Memory access control can be managed both at the application and infrastructure levels. This helps prevent access to others' memories due to application configuration mistakes. By using JWT ID Tokens, you can dynamically obtain IAM permissions in Strands Agents processing to achieve permission isolation.
For example, you can configure it as follows:
{
"Version": "2012-10-17",
"Statement": [
{
"Effect": "Allow",
"Action": [
"bedrock-agentcore:CreateEvent",
"bedrock-agentcore:GetMemory",
"bedrock-agentcore:ListMemoryRecords",
"bedrock-agentcore:UpdateMemory",
"bedrock-agentcore:DeleteMemory"
],
"Resource": "arn:aws:bedrock-agentcore:us-west-2:123456789012:memory/*",
"Condition": {
"StringEquals": {
"bedrock-agentcore:actorId": "${cognito-identity.amazonaws.com:sub}"
}
}
}
]
}

With this configuration, User A's permissions cannot access User B's memories. Even if the application mistakenly tries to access User B's memories, it will be denied by IAM permissions.

Deployment Methods
You can choose between direct upload or container image upload. Zip upload allows quick deployment of packages under 250MB in ZIP format, with fast updates. Container-based deployment, on the other hand, supports larger packages up to 1GB or special dependencies, and can leverage existing CI/CD pipelines.
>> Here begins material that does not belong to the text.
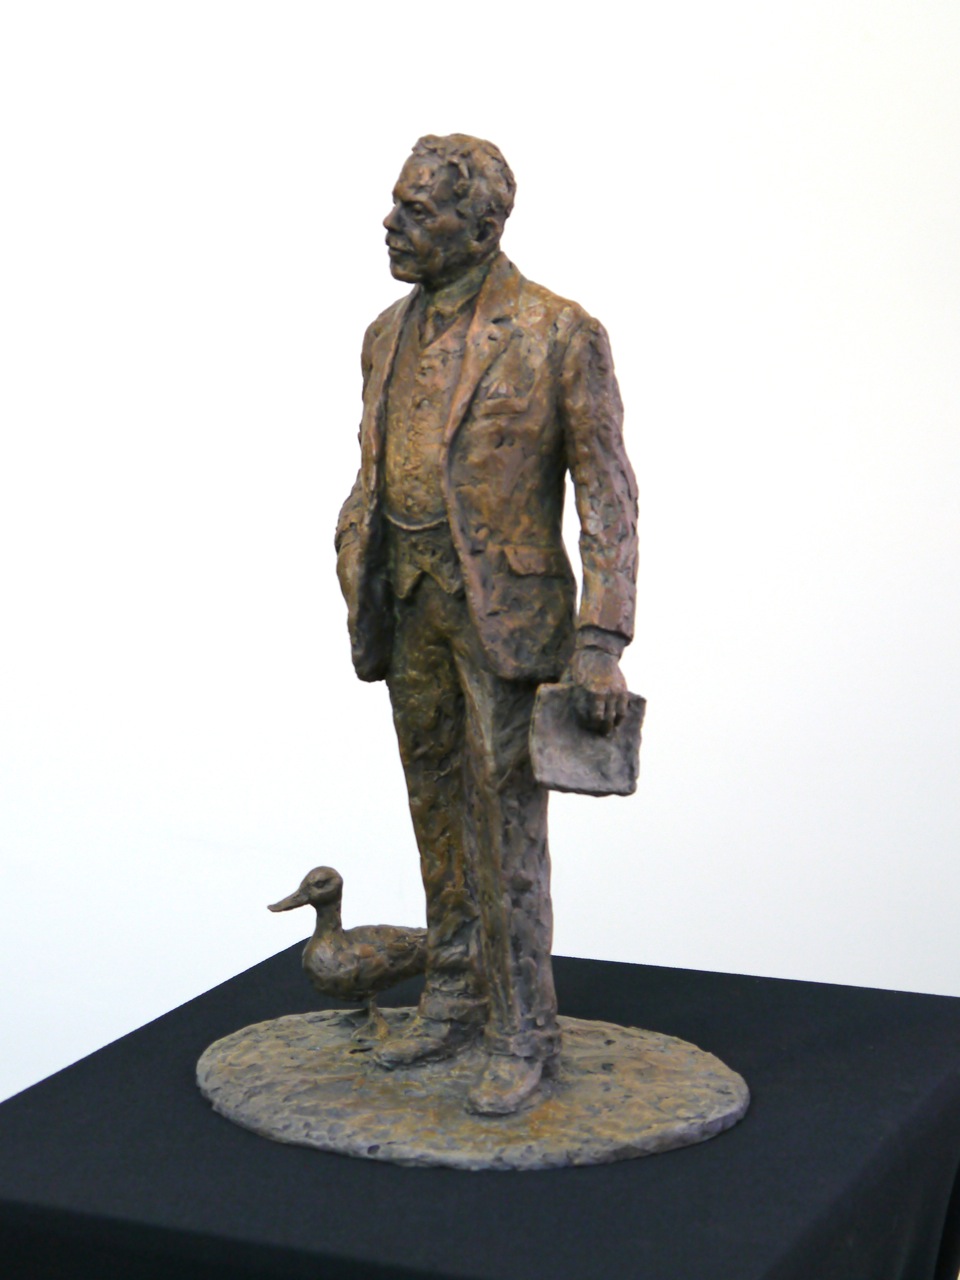 The bronze Sir Nigel Gresley and Mallard maquette

A hybrid approach is also effective: use direct code for rapid prototyping during development, then migrate to containers for production.

The official documentation also includes comparison information to help you decide between direct upload and container image deployment.

Conclusion
In this presentation, I introduced several points to consider when using AgentCore in production. I hope that at least one of these insights was new to you and sparked interest in "using AgentCore more effectively!" or "learning more about AgentCore!" Next time, I'd like to provide an in-depth explanation of Identity!
I hope this article was helpful! Thank you very much for reading to the end!